Migraine is not just a headache. This is probably the biggest misconception I come across when speaking with people about this disease. In reality, it’s a complex and often debilitating neurological condition that can have a huge impact on someone’s life. It can cause severe head pain, nausea, vomiting and extreme sensitivity to light, sound, touch and smell.
The statistics on migraine are staggering. Most people I speak with have no idea that migraine is the world’s third most common disease (behind dental caries and tension-type headache) that affects more than one billion people. According to the World Health organisation, it is the second leading cause of years lived with disability worldwide, and the leading cause in people age 15-49. Women are three times more likely to experience migraine than men. The disease has an enormous economic impact too, costing the U.S. and European economies nearly $200 billion a year. So it’s worth repeating: migraine is not just a headache.
I live with migraine so this is personal for me. The disease hit me hard when I was doing my medical training in New York, and I was having up to 10 attacks a month. I would try to carry on working but kept vomiting. We only had eight people in my residency class, so if I was unable to work it was a significant burden for everyone else to make up for me. Thankfully, I’ve started on a medication which has dramatically reduced my frequency of attacks.

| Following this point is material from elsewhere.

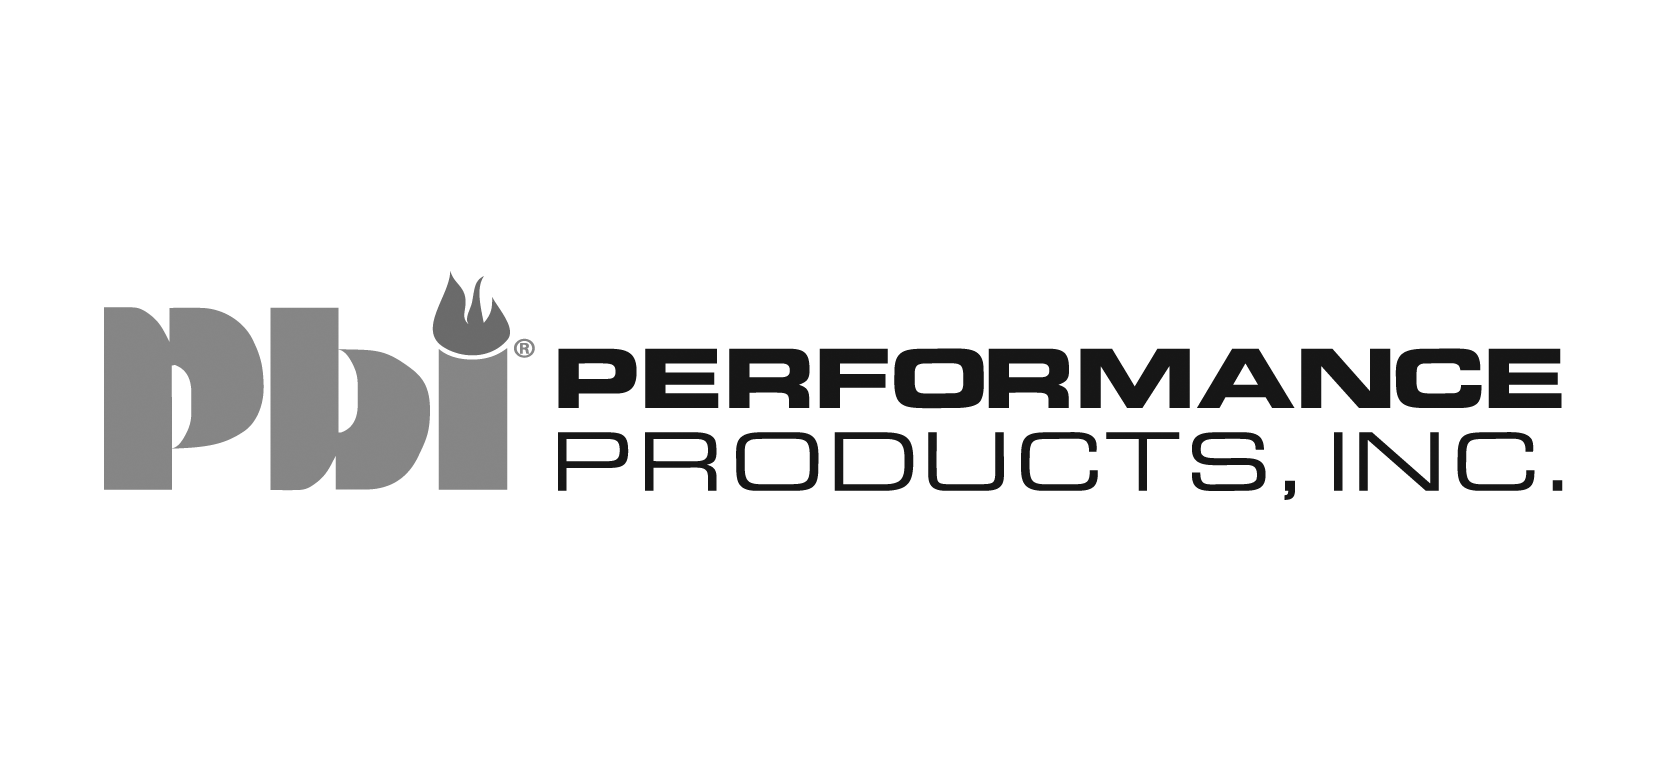 PBI Performance Products logo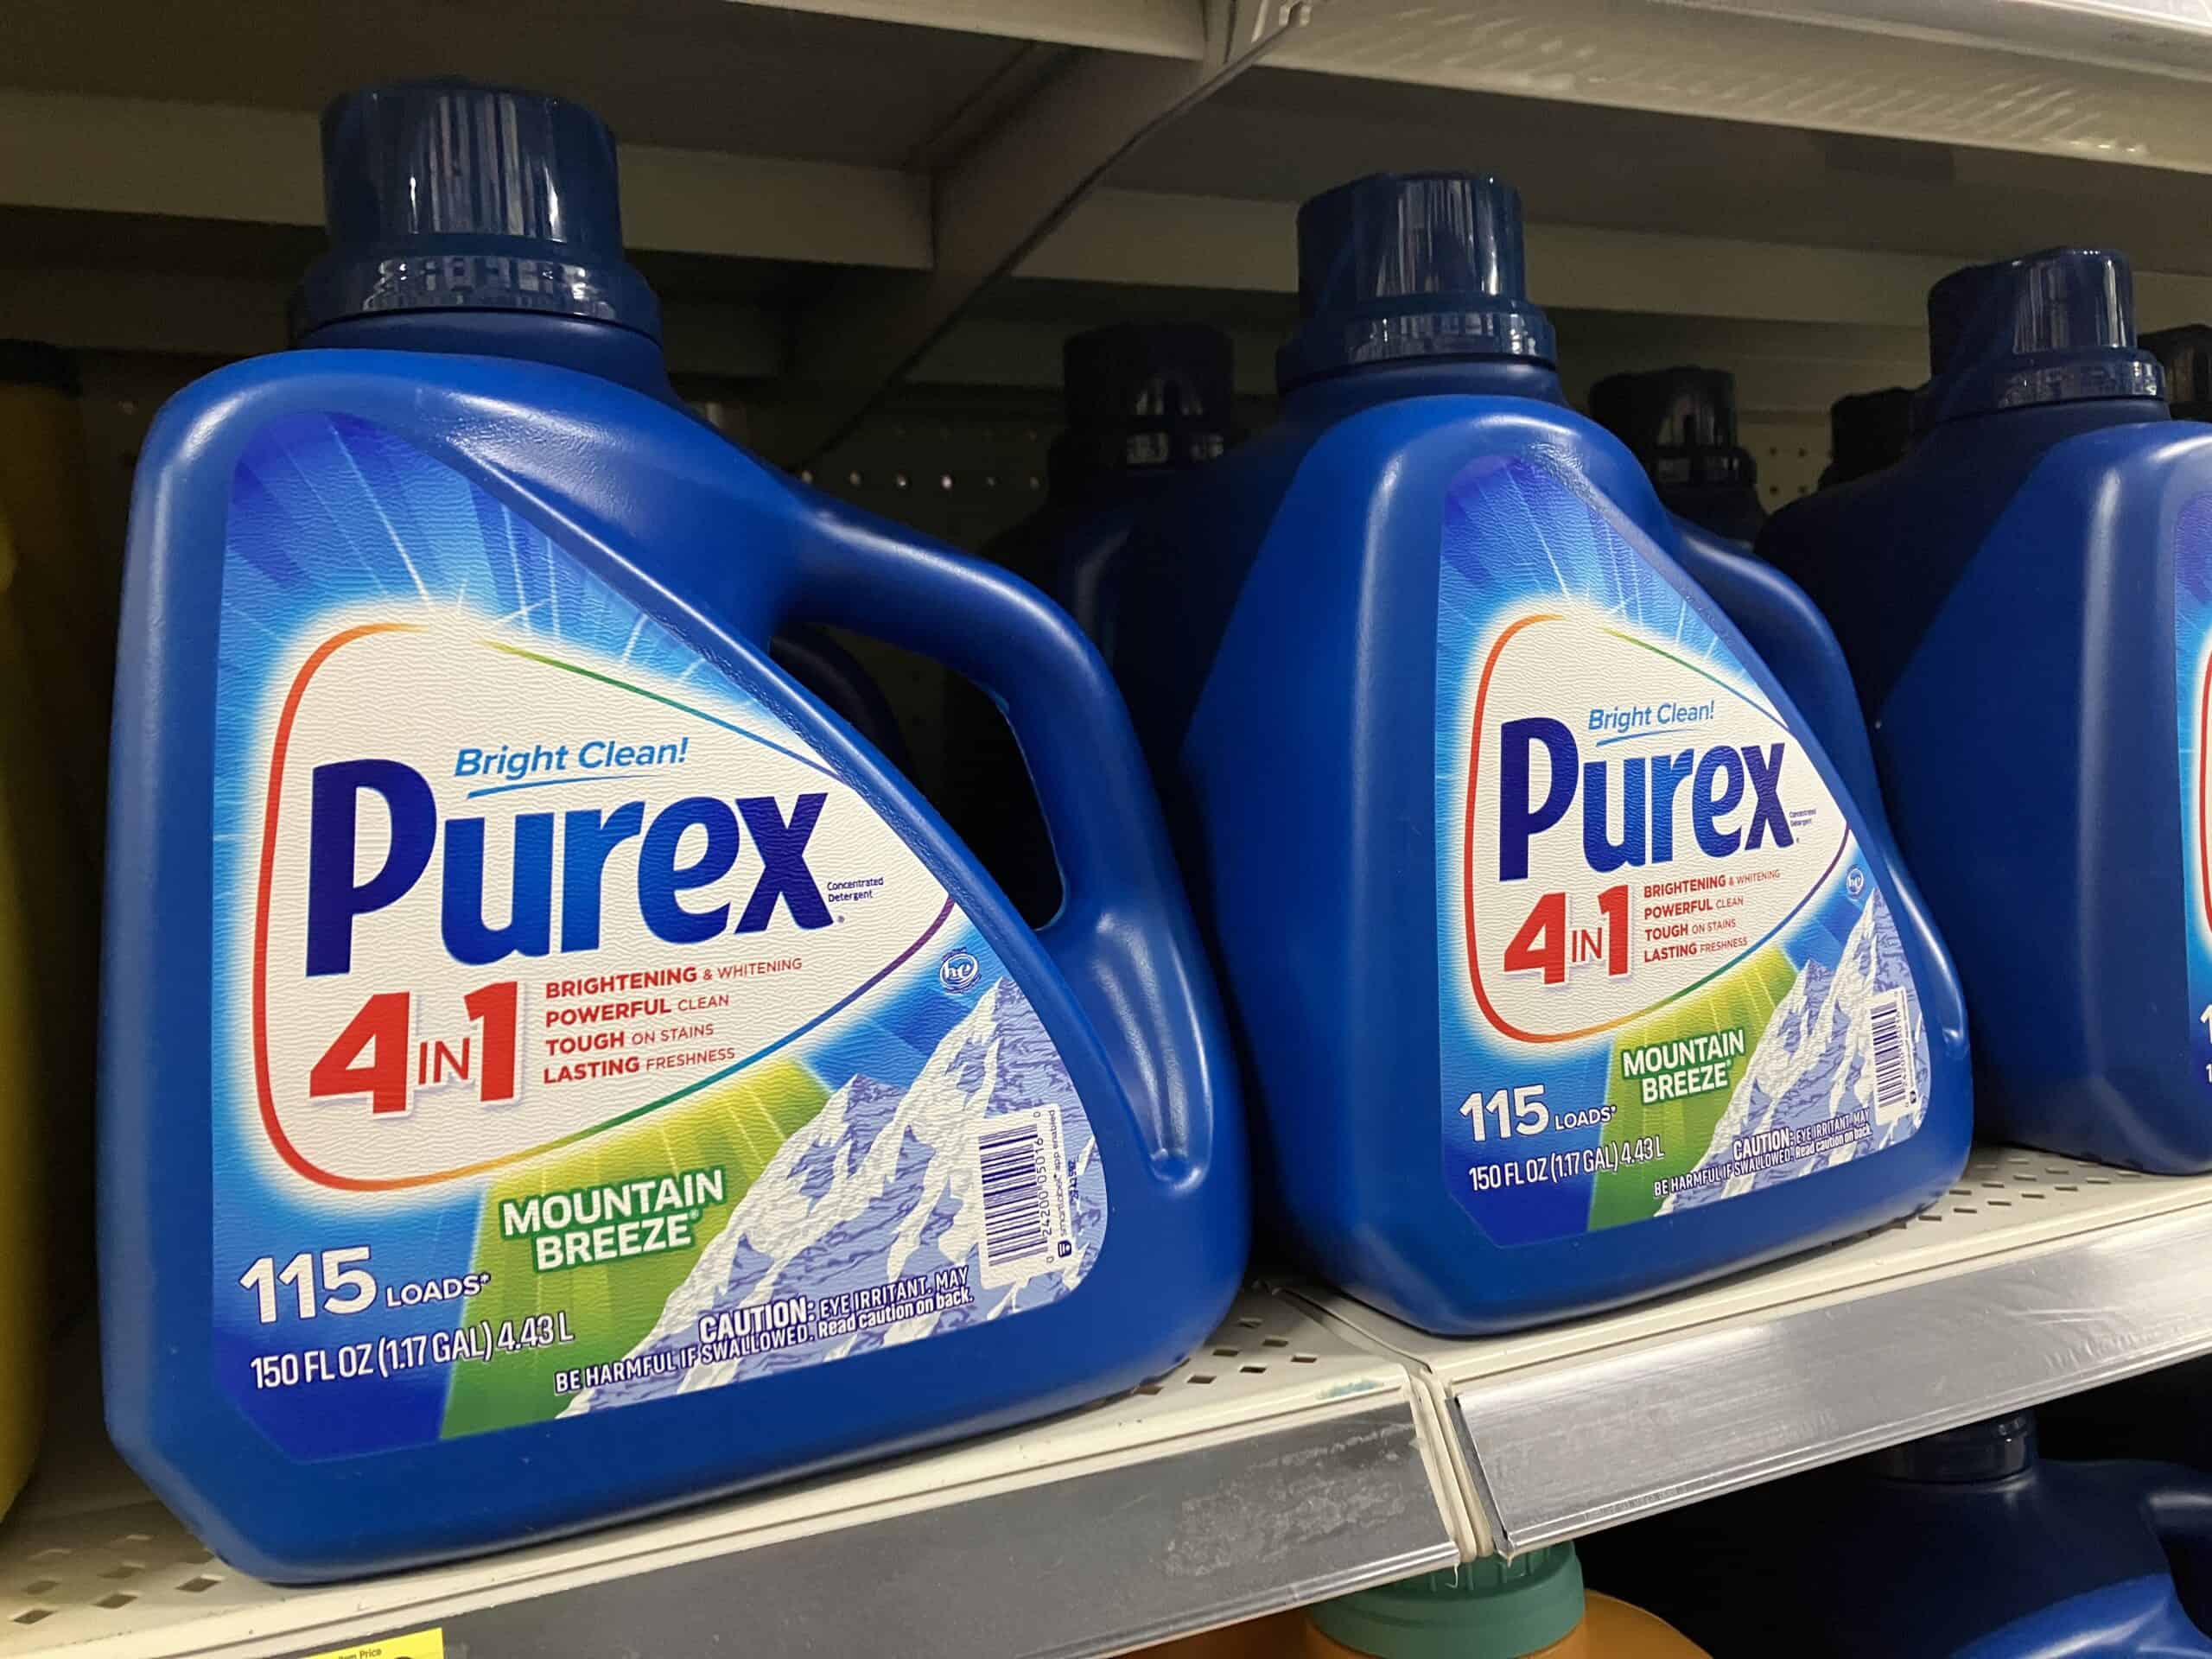 Purex "Mountain Breeze' laundry detergent

My fascination with the brain stretches back to childhood and is part of the reason I became a neurologist. Before I joined Teva, I saw first-hand the scale of migraine and the impact it has on patients and their loved ones. There were so few treatments available at the time.
I found clinical practice very frustrating at times because my tools were so limited. I saw so many patients who were suffering but I could not help. This is the reason why I changed career paths. I wanted to move in to an area where I could help find solutions to the problems patients were facing. This ultimately led me to join Teva as a Medical Director in the Migraine and Headache Therapeutic Area.
There is still a stigma attached to migraine. I’ve met thousands of patients who suffer from the disease and a recurring theme is that they feel others see them as being lazy or exaggerating their symptoms, rather than suffering from a horrible disease that can be totally debilitating. People don’t understand that more than 90% of people with migraine are unable to work or function normally during a migraine attack.
Educating people about migraine is now a big part of my job. There is no doubt that advances in treatment have been made in recent years. However, migraine is still an underfunded disease and the impact it has on people is often not understood by decision makers and wider society. To combat this, I’m usually out and about talking to physicians, meeting with advocacy groups and speaking at events and conferences. I also help with researching the impact of migraine on society, such as how it affects people’s productivity.
We still don’t fully understand what causes migraine. Despite recent advances in our understanding of the disease, so much more is needed to better understand it and the impact that it has. In the U.S., the funding for migraine research in 2017 was only half a dollar per person living with migraine.
That said, the industry as a whole has made advances in the last few years. It’s gratifying to see how this is helping patients. For example, a former patient I spoke to recently has had migraine attacks almost every day for nearly 40 years. She is now on a new course of treatment which has significantly reduced the frequency of her attacks, allowing her the exciting opportunity to apply for jobs and launch a career. Her daughter’s wedding is coming up and she is looking forward to planning it and going dress shopping. As I had watched her struggle for so long, this change was incredibly moving. However, we’re still far from where we need to be. My task at Teva is to ensure we continue to explore new ways to bring better days to people living with migraine.
 Steiner TJ, Stovner LJ, Vos T, Jensen R, Katsarava Z. Migraine is first cause of disability in under 50s: will health politicians now take notice?. J Headache Pain. 2018;19(1):17.
 World Health Organization. Atlas of headache disorders and resources in the world 2011.
 Gooch CL et al. The Burden of Neurological Disease in the United States: A Summary Report and Call to Action, Ann Neurol (81(4): pp479-84, 2017, and Linde M et all, The Cost of Headache Disorders in Europe: The Eurolight Project, Eur J Neurol 19(5): pp 703-11, 2012.